PER, Livret A, assurance vie : comment les Français cherchent des placements anti-crise rassurants

Le plan d’épargne retraite (PER) illustre bien ce besoin de repères. Au 30 septembre 2025, on comptait 12,7 millions de titulaires de PER pour 141,1 milliards d’euros d’encours. 77 % des Français déclarent connaître le dispositif et 25 % en détenaient déjà un, soit un doublement depuis 2019. « Le PER a quand même été marketé par l’administration fiscale comme étant un produit pour les actifs avec cette idée de promouvoir davantage la retraite par capitalisation », explique Matthieu Silva Santos, directeur de l’offre et de l’ISR chez Goodvest. La loi de finances 2026 est venue rebattre les cartes : suppression de la déductibilité des versements après 70 ans, allongement de 3 à 5 ans de la durée de report des plafonds non utilisés, et « C’est l’augmentation de la CSG de 1,4% uniquement sur le PER, notamment à la sortie ». Résultat, 46 % des détenteurs envisagent de ne plus alimenter leur PER, une proportion qui atteint 85 % chez les plus de 65 ans.

Pour autant, le produit ne disparaît pas de la panoplie anti-crise. « Je ne pense pas qu’il y ait de désertion prévue pour le PER, analyse Matthieu Silva Santos. Parce qu’il doit rester une brique fondamentale d’une stratégie patrimoniale, sans en être la principale. Il conserve encore un intérêt en matière d’économie d’impôt puisque les moins de 70 ans conservent la déductibilité des versements sur leur revenu imposable ». Le critère numéro un cité par les titulaires reste la déduction fiscale (38 %), devant la « simplicité » du produit (21 %) et son « rendement » (20 %). Pour les plus de 70 ans, la stratégie évolue : « Notre stratégie est de dire que ces personnes conservent finalement l’assurance vie, qui reste aujourd’hui une enveloppe à la fois fiscale, financière et successorale tout de même assez intéressante, remarque Matthieu Silva Santos. Il ne faut pas oublier qu’après 70 ans, les plus-values associées au prix versé restent exonérées d’impôt sur les successions ».

  • Pour le PER, 38 % des titulaires citent en priorité la déduction fiscale, 21 % la simplicité et 20 % le rendement, des critères au cœur des placements anti-crise.
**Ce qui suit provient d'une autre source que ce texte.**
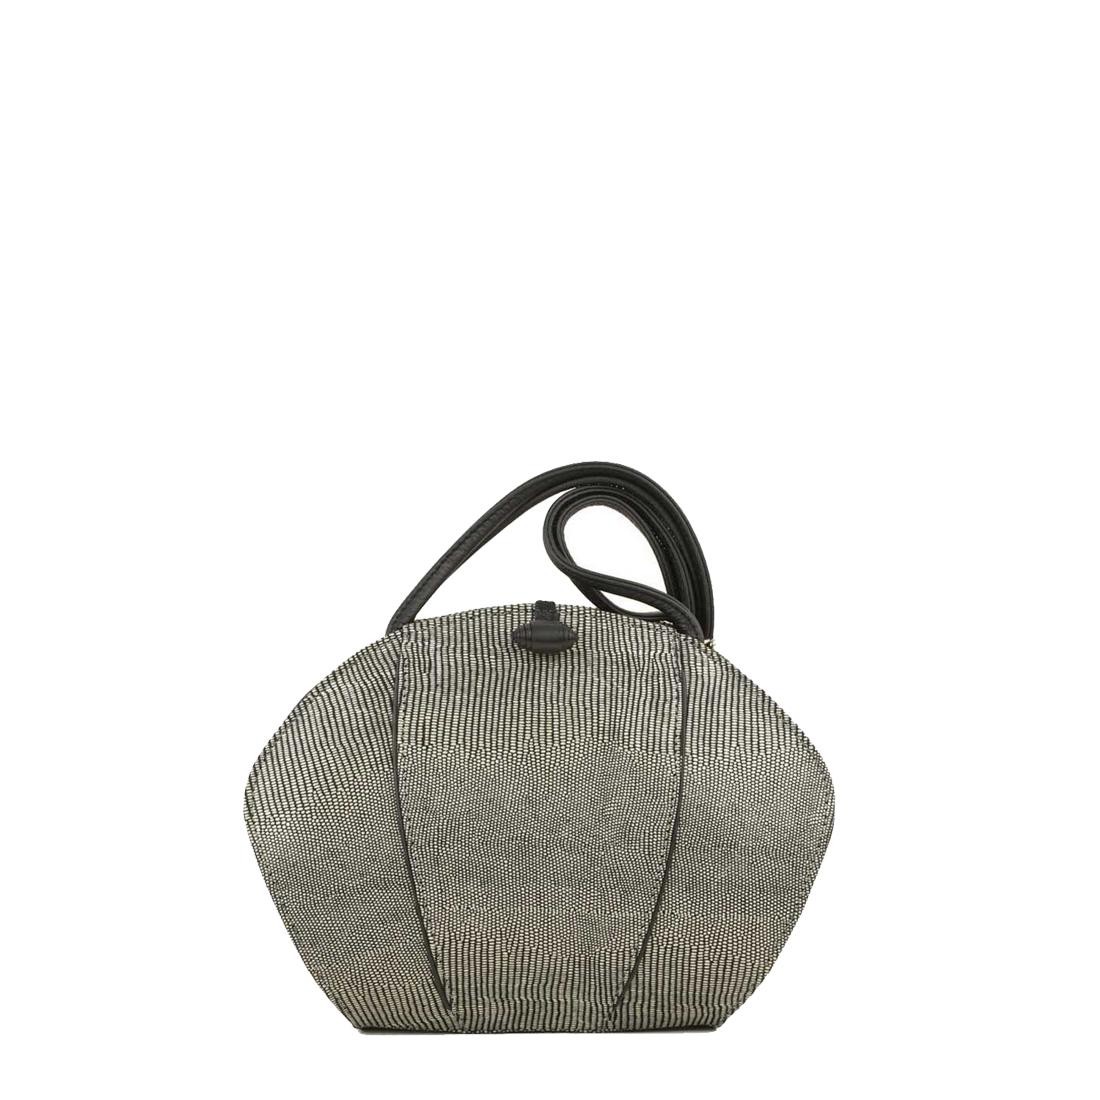 Lola Courmayeur Print Leather Shoulder Bag

Face à ces arbitrages complexes, plus d’un Français sur deux (53 %) estime qu’il lui serait utile d’être accompagné par des conseillers patrimoniaux. « Les Français demandent davantage de transparence et de traçabilité sur l’utilisation des fonds investis, commente Matthieu Silva Santos, directeur de l’offre et de l’ISR chez Goodvest. C’est très important de comprendre où va leur argent ». Cette demande dépasse le seul rendez-vous en agence : 70 % souhaiteraient plus de cours à l’école sur la microéconomie, les placements et l’épargne, 72 % aimeraient que les entreprises mettent en place des formations, webinaires ou conférences sur ces sujets, et plus de 80 % voudraient que banques et assureurs fassent davantage d’éducation financière. « De plus en plus d’acteurs font cet effort de transparence car il y a un vrai besoin de pédagogie aujourd’hui dans le monde financier, conclut Matthieu Silva Santos. À la fois sur la composition de leur allocation mais également en ce qui concerne la tarification, avec très souvent des comparatifs tarifaires entre les différents établissements ».

En bref

  • En 2026, entre inflation persistante, guerre au Moyen-Orient et réformes du PER, la confiance des épargnants français s’effondre et leurs repères d’épargne vacillent.
  • Les livrets reculent au profit du logement et de l’assurance vie, tandis que le PER, fragilisé par la loi de finances 2026, reste une brique patrimoniale plus qu’un vrai placement anti-crise.
  • Entre quête de sécurité, besoin de transparence et soif d’éducation financière, les Français redéfinissent leurs placements anti-crise et interpellent banques, assureurs et conseillers.